SOURCE RECORDS:
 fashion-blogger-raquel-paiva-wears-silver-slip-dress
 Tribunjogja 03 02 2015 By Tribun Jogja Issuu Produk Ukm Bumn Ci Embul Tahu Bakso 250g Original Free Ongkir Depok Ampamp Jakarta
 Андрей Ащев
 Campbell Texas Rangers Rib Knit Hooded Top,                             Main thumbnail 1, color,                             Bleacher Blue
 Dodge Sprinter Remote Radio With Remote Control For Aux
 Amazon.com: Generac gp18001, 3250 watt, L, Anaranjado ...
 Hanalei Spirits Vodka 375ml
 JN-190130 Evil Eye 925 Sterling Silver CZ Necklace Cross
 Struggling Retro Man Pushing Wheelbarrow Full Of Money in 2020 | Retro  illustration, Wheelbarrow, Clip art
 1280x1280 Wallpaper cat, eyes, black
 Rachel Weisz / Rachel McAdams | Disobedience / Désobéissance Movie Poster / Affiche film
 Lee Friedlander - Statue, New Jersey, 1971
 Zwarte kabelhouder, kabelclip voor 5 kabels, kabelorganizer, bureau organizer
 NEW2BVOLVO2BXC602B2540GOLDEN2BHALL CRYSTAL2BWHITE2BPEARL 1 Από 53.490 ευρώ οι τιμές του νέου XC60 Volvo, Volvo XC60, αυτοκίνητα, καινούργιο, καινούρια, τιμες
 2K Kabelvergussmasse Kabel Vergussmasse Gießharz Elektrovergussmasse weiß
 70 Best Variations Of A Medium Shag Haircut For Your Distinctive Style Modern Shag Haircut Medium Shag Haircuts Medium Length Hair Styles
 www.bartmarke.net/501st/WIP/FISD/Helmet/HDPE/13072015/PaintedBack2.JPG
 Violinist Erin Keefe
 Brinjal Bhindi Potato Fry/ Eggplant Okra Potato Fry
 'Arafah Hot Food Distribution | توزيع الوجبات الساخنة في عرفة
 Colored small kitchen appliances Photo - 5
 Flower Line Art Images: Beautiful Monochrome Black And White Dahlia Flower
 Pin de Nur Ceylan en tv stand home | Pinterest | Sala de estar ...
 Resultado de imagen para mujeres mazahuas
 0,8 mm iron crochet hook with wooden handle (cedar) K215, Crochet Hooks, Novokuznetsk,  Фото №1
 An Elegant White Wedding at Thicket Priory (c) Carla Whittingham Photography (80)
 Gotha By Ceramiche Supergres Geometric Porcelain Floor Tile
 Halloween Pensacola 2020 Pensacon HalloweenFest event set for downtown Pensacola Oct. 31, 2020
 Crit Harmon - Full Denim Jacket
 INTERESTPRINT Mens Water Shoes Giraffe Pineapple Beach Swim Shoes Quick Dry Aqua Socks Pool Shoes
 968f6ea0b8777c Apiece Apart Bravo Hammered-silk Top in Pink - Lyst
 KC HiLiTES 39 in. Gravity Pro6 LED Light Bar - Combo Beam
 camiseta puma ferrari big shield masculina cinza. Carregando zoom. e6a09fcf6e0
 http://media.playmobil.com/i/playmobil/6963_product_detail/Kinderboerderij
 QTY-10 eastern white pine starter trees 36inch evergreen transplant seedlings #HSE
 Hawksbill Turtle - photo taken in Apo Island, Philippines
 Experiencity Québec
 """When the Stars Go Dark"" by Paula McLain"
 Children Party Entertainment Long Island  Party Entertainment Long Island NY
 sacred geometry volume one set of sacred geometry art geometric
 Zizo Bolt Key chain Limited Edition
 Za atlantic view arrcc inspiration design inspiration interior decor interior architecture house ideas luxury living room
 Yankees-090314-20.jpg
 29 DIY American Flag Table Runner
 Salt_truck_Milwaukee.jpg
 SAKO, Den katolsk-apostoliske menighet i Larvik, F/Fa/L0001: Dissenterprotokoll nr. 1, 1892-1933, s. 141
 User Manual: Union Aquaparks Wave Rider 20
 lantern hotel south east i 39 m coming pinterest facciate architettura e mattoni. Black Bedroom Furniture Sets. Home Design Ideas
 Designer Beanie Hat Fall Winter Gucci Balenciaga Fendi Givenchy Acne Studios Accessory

TRY IT:
Using the records above, write out exactly the lines between the one holding "Tribunjogja 03 02" and the one holding "Андрей Ащев", inclusive; leave everything else out.

SOLUTION:
 Tribunjogja 03 02 2015 By Tribun Jogja Issuu Produk Ukm Bumn Ci Embul Tahu Bakso 250g Original Free Ongkir Depok Ampamp Jakarta
 Андрей Ащев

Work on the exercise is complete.